As Nature Medicine went to press, the public comment period on the draft of National Institutes of Health (NIH) guide-lines for the ethical and legal use of human pluripotent stem cells in research was due to close. After receiving thousands of letters, the NIH decided to extend the time for comment by three weeks to 22 February. Scientists cannot receive NIH funding for research involving human pluripotent stem cells until the official guidelines are published in the Federal Register and the oversight process is in place. Stem cell research has the potential to yield great advances in our understanding of embryo-genesis and lead to new therapeutics for a wide variety of diseases as papers in this issue show (pages 271 and 278). Although we applaud the NIH's desire to provide careful oversight and direction in this controversial area of research, we caution that this research holds too much promise to face further delay. Therefore, the guidelines should be released as quickly as possible and should be flexible enough to accommodate changes in federal law while allowing scientists to continue research that has already advanced quite quickly with only private funding. Otherwise, federally funded scientists will fall further behind those working in the private sector, whose stem cell investigations are not subject to federal regulations or ethical requirements.

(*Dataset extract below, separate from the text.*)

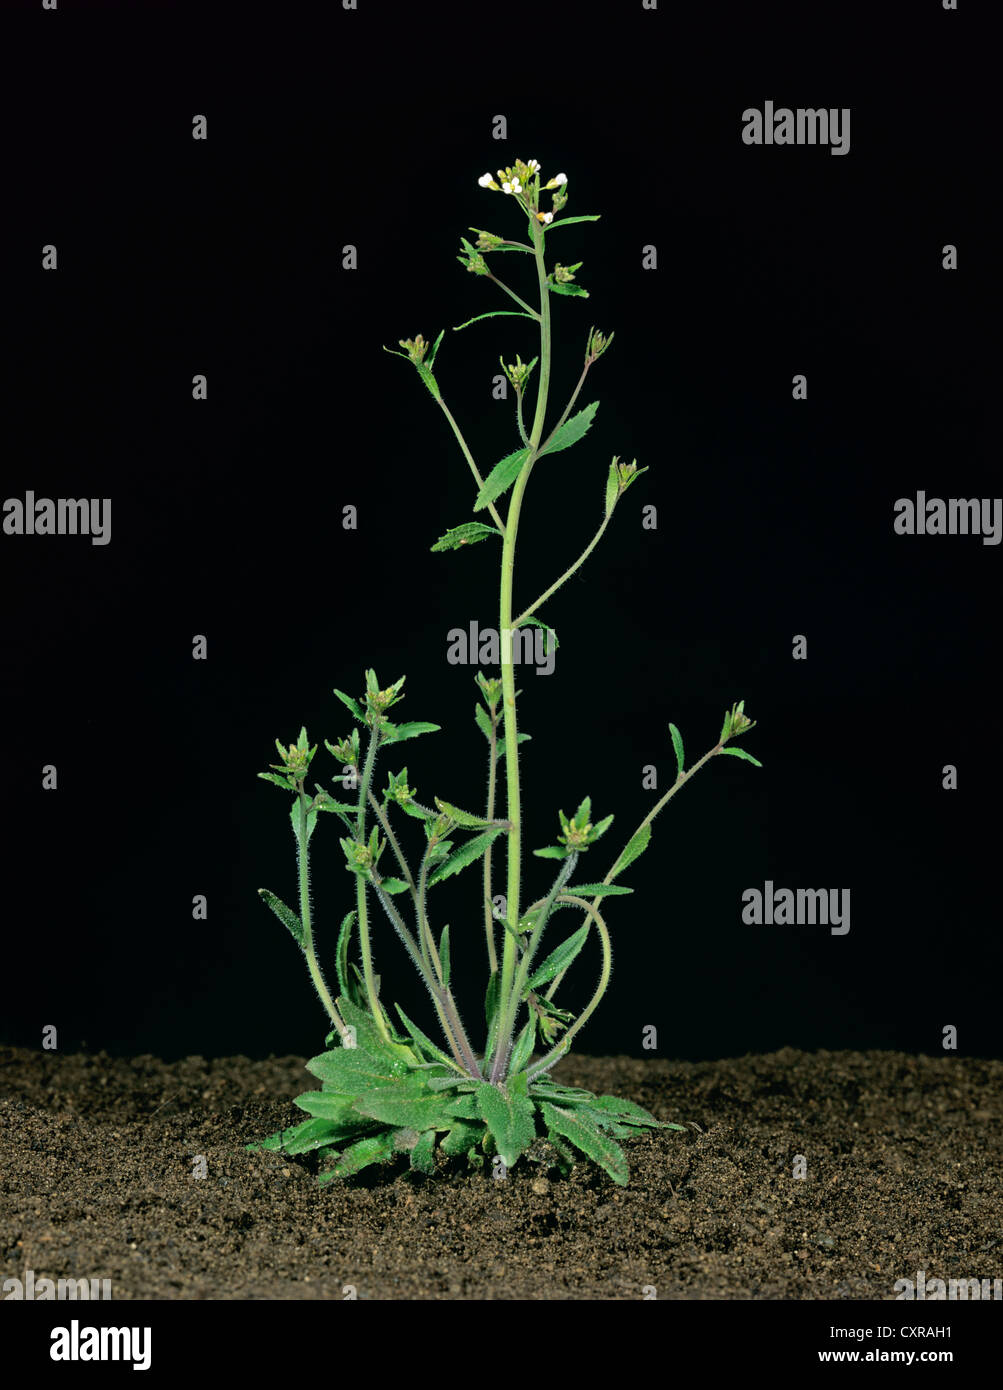 Thale cress (Arabidopsis thaliana) flowering plant used in genetic experiments Stock Photo
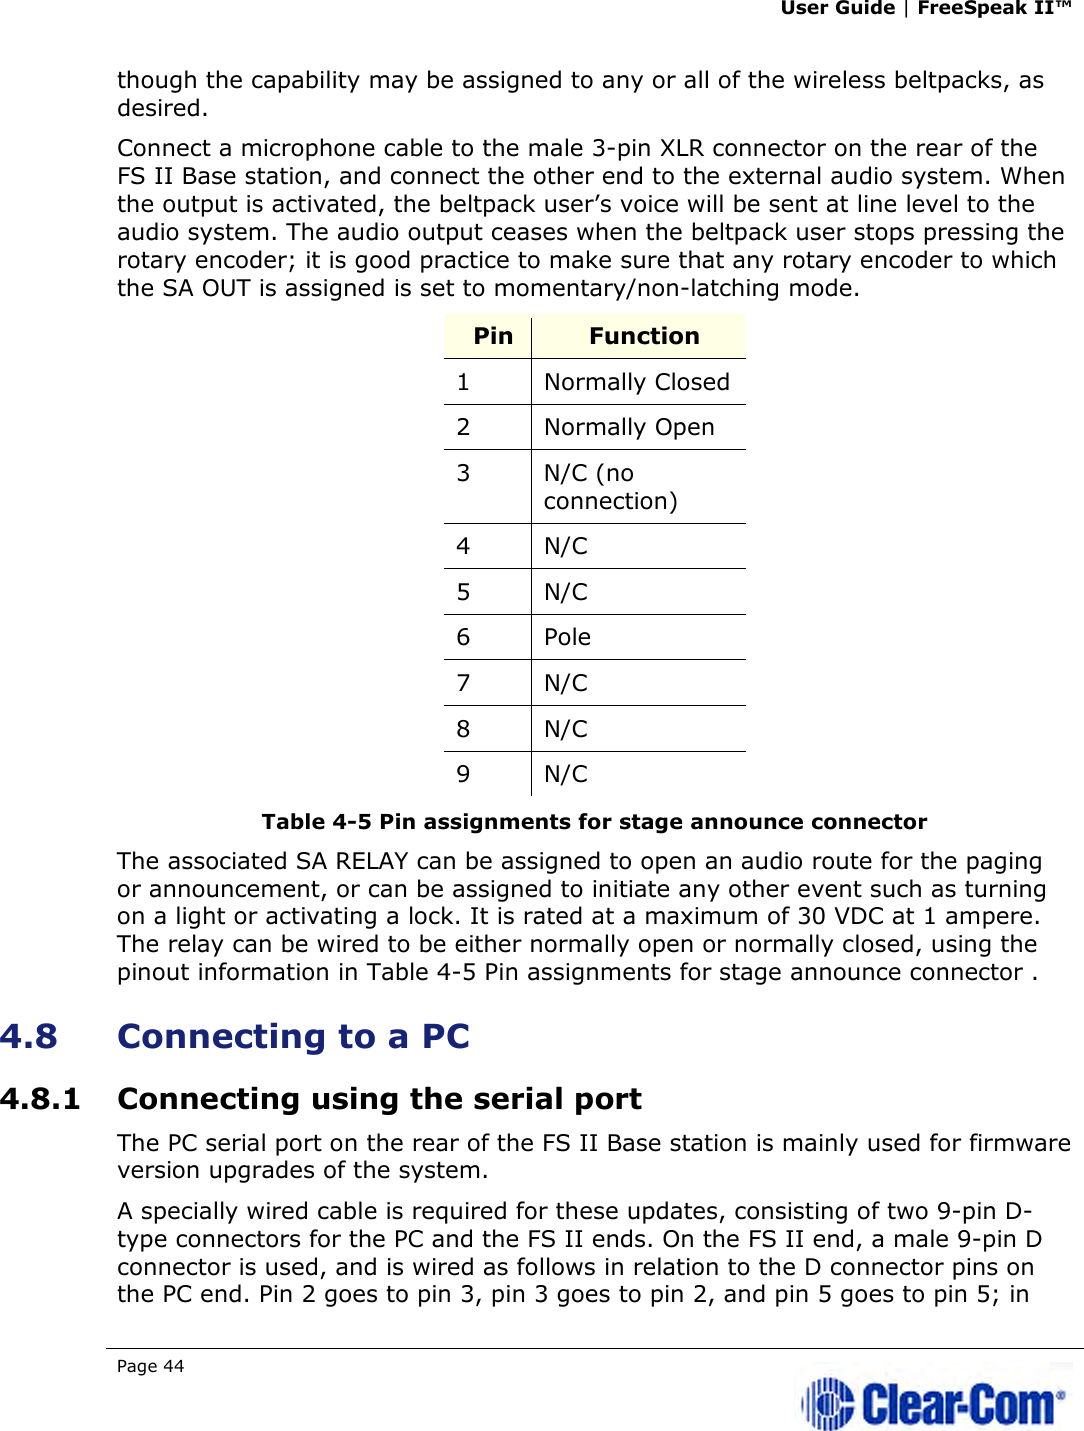 User Guide | FreeSpeak II™  Page 44   though the capability may be assigned to any or all of the wireless beltpacks, as desired. Connect a microphone cable to the male 3-pin XLR connector on the rear of the FS II Base station, and connect the other end to the external audio system. When the output is activated, the beltpack user’s voice will be sent at line level to the audio system. The audio output ceases when the beltpack user stops pressing the rotary encoder; it is good practice to make sure that any rotary encoder to which the SA OUT is assigned is set to momentary/non-latching mode. Pin  Function 1  Normally Closed 2  Normally Open 3  N/C (no connection) 4  N/C 5  N/C  6  Pole 7  N/C 8  N/C 9  N/C Table 4-5 Pin assignments for stage announce connector  The associated SA RELAY can be assigned to open an audio route for the paging or announcement, or can be assigned to initiate any other event such as turning on a light or activating a lock. It is rated at a maximum of 30 VDC at 1 ampere. The relay can be wired to be either normally open or normally closed, using the pinout information in Table 4-5 Pin assignments for stage announce connector . 4.8 Connecting to a PC  4.8.1 Connecting using the serial port The PC serial port on the rear of the FS II Base station is mainly used for firmware version upgrades of the system.  A specially wired cable is required for these updates, consisting of two 9-pin D-type connectors for the PC and the FS II ends. On the FS II end, a male 9-pin D connector is used, and is wired as follows in relation to the D connector pins on the PC end. Pin 2 goes to pin 3, pin 3 goes to pin 2, and pin 5 goes to pin 5; in

The first draft of the guidelines was released 2 December 1999 in response to reports published a year earlier describing the isolation and culture of human pluripotent stem cells. The NIH decided that research involving these cell lines required more stringent oversight than the traditional peer review process. The draft guidelines rightfully limit the source of stem cell lines to those cells “derived from early human embryos that were created for the purpose of infertility treatment and were in excess of clinical need”, and also call for the creation of an oversight committee called the Human Pluripotent Stem Cell Review Group (HPSCRG), which will ensure compliance with these guidelines. However, the NIH does not plan to release the final version of the guidelines until next summer.

The research permitted by the official guidelines may depend on the final outcome of a bill recently introduced to the US Congress by Sen. Arlen Specter (R-PA) and Sen. Tom Harkin (D-IA). S. 2015, or the “Stem Cell Research Act of 2000”, calls for allowing federally funded scientists to derive their own human pluripotent stem cells from human embryos. Specter and Harkin should be applauded for trying to eliminate the current ‘two-faced’ system, which allows the use of human pluripotent cells in NIH-funded research as long as private sources derive the cells. Indeed, as long as government-funded scientists are dependent on private sources to supply them with cells (see page 237), they will always be one step behind privately funded researchers, who have immediate and unlimited access to the cells. The national bioethic advisory commission has also pointed out that basic researchers interested in the earliest stages of embryonic development are likely to make fundamental discoveries through isolating embryonic stem cells in their own laboratories. However, if the NIH does delay release of the guidelines until after Congress decides on the bill, stem cell researchers could be in for a long wait. S. 2015 is likely to face a rough road in Congress, battling congressmen like Rep. Jay Dickey (R-AR), who has equated stem cell research to the experiments in Nazi Germany and the Tuskegee syphilis experiments.

Another troubling aspect of the guidelines is that they state that NIH funding cannot be used to generate stem cell lines using somatic cell nuclear transfer. This procedure, which allows scientists to develop stem cell lines capable of differentiating into tissues such as skin, muscle, neurons or blood cells, eliminates the need for human embryonic cells. The approach has been actively developed by privately funded researchers, and Geron Corporation, one of the leading companies in the pursuit of ‘therapeutic cloning’, already holds a British patent on nuclear transfer methods. Allowing federally funded scientists to create and study these hybrid cells would help them avoid the political debate over the use of human embryonic tissue. Additionally, the guidelines should include a statement that research involving pluripotent cell lines created before the guidelines were published should be eligible for NIH support. Stem cell researchers have already experienced long delays and should not be required to spend months re-creating new cell lines, provided the cells were derived in a manner approved by the HPSCRG.

We support the creation of the guidelines and agree that research involving human pluripotent stem cells does warrant more careful review than other types of NIH-funded research. Nonetheless, the guidelines are not of any use until they are actually published in the Federal Register, and they should be written such that when they go into effect, they allow stem cell researchers to gain funding and begin their research immediately. They should also allow scientists to derive their own cell lines and generate new lines by somatic nuclear transfer, in the event that Congress decides to lift the restrictions on creation of embryonic stem cell lines by federally funded scientists. Although Congress and the public must their have their say in the use of public funds for scientific research, to the millions of suffers of debilitating diseases such as diabetes and Parkinson disease, delays in release of the guidelines only mean a longer wait for new therapies.